The osmolarity of tubular fluid in the lumen of the late distal tubule when ADH levels are maximal.
Correct Answer
C. 300 mOsm/L.
Explanation
When ADH levels are maximal, the late distal tubule becomes permeable to water, allowing water to be reabsorbed. This reabsorption of water leads to concentration of solutes in the tubular fluid. The osmolarity of the tubular fluid in the late distal tubule when ADH levels are maximal is approximately 300 mOsm/L. This concentration is necessary for the kidneys to produce concentrated urine and maintain water balance in the body.
14.
Which patient has generalized edema?
Correct Answer
A. A
Explanation
Patient a likely has generalized edema because it is the only option given and there is no additional information provided in the question. Without further context, it is not possible to determine the cause or severity of the edema.
15.
Which patient has diabetes insipidus?
Correct Answer
C. C
16.
Which patient has the syndrome of inappropriate ADH secretion?
Correct Answer
E. E
Explanation
Patient e likely has the syndrome of inappropriate ADH secretion because this condition is characterized by excessive production and release of antidiuretic hormone (ADH) from the pituitary gland, leading to water retention and dilutional hyponatremia. This can result in symptoms such as nausea, vomiting, confusion, and seizures. Without further information about the patients, it is difficult to definitively determine which patient has this syndrome, but patient e is the most likely candidate based on the given options.
17.
Which TF/P curve represents urea?
Correct Answer
E. E
18.
Which TF/P curve represents inulin?
Correct Answer
D. D
19.
Pin = 0.2 mg/ml Uin = 24 mg/ml
PPAH = 0.1 mg/ml UPAH = 60 mg/ml
PX = 0.3 mg/ml UX = 60 mg/ml
V = 1 ml/min
The excretion rate of inulin is
Correct Answer
E. 24 mg/min.
Explanation
The excretion rate of inulin can be calculated by multiplying the concentration of inulin in urine (Uin) by the urine flow rate (V).

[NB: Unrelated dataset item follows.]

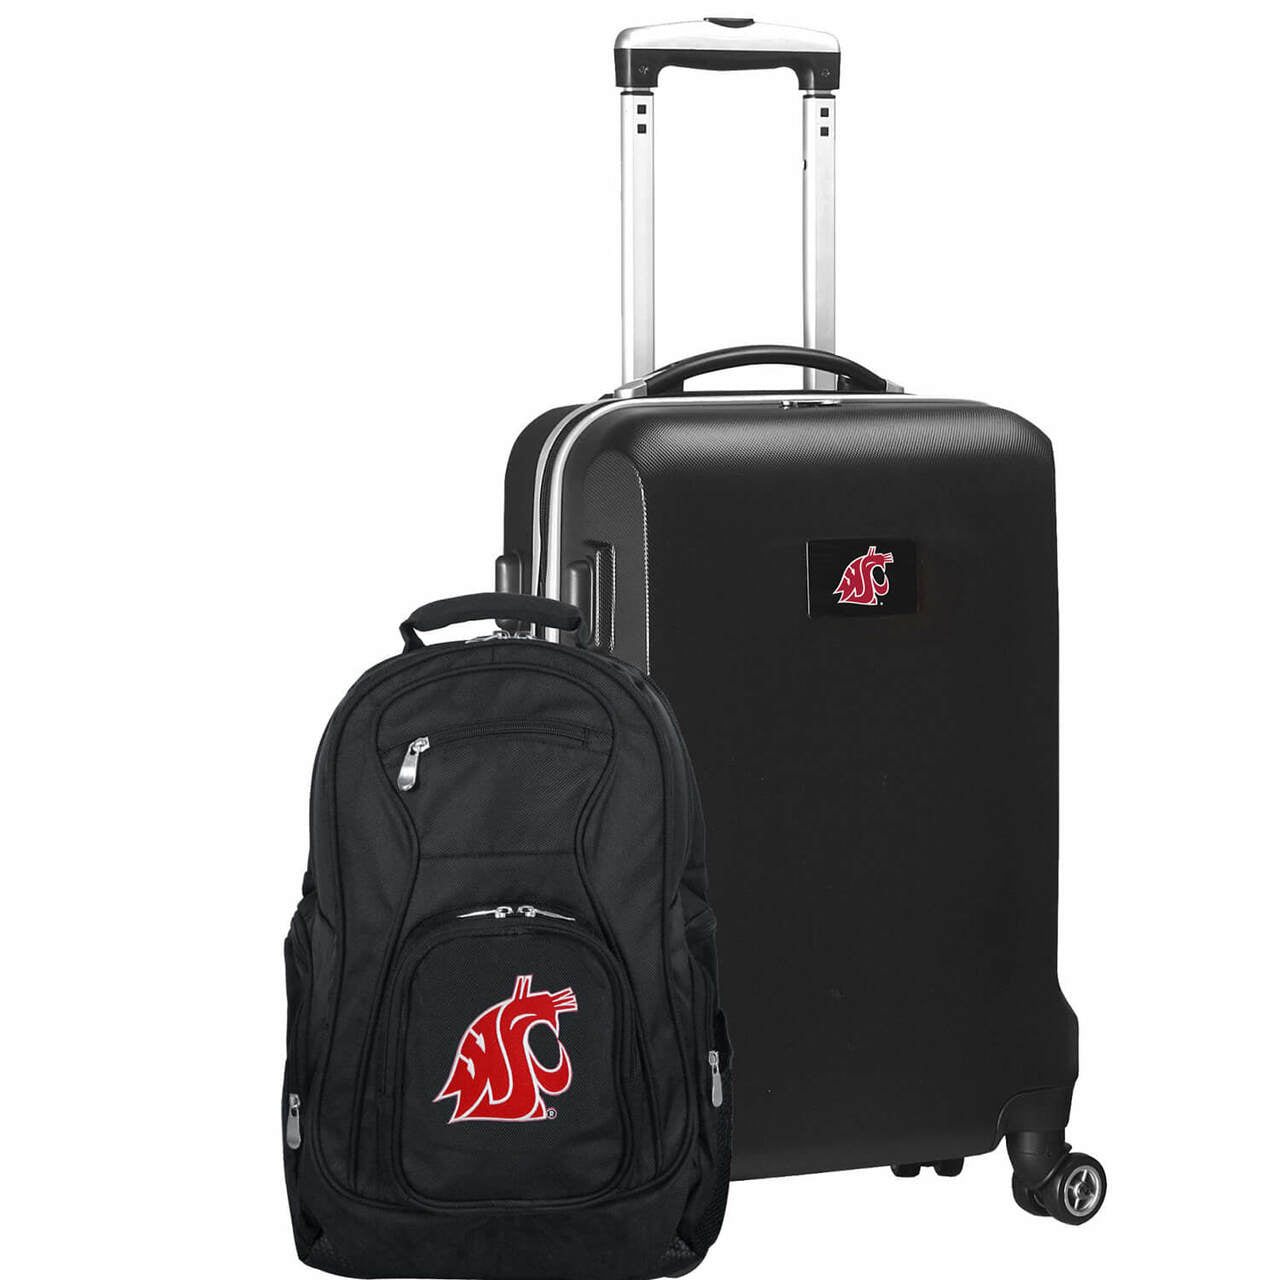 Washington State Cougars Deluxe 2-Piece Backpack and Carry-on Set in Black

In this case, Uin is given as 24 mg/ml and V is given as 1 ml/min. Therefore, the excretion rate of inulin is 24 mg/min.
20.
Pin = 0.2 mg/ml Uin = 24 mg/ml
PPAH = 0.1 mg/ml UPAH = 60 mg/ml
PX = 0.3 mg/ml UX = 60 mg/ml
V = 1 ml/min
The effective renal plasma flow is
Correct Answer
E. 24 mg/min.
Explanation
RPF= clearance of (PAH) = V x [urine]/[plasma]
21.
Pin = 0.2 mg/ml Uin = 24 mg/ml
PPAH = 0.1 mg/ml UPAH = 60 mg/ml
PX = 0.3 mg/ml UX = 60 mg/ml
V = 1 ml/min
Solute X exhibits a net
Correct Answer
D. Secretion rate of 24 mg/min.
Explanation
The solute X exhibits a secretion rate of 24 mg/min because the concentration of UPAH (60 mg/ml) is equal to the concentration of UX (60 mg/ml), indicating that there is no net reabsorption or secretion of solute X. Therefore, the solute X must be secreted at the same rate as it is filtered, which is 24 mg/min.
22.
Posm = 310 mOsm/L Pglu = 1 mg/ml
Uosm = 93 mOsm/L Uglu = 0 mg/ml
V = 10 ml/min
CH20 =
Correct Answer
C. 7 ml/min.
Explanation
Free water clearance:
V = Cosm + Cwater
Cwater = V – Cosm (change in osmolarity)
Cosm = (Uosm x V)/Posm
93x10/310=3
10-3 =7
23.
Posm = 310 mOsm/L Pglu = 1 mg/ml
Uosm = 93 mOsm/L Uglu = 0 mg/ml
V = 10 ml/min
The most reasonable diagnosis for this patient is
Correct Answer
C. Diabetes insipidus.
Explanation
The patient's urine osmolality (Uosm) is significantly lower than the plasma osmolality (Posm), indicating an inability of the kidneys to concentrate urine properly. This is a characteristic feature of diabetes insipidus, a condition where the body is unable to regulate water balance due to insufficient production or action of antidiuretic hormone (ADH). The absence of glucose in the urine (Uglu = 0 mg/ml) rules out uncontrolled diabetes mellitus. The other options are not supported by the given information.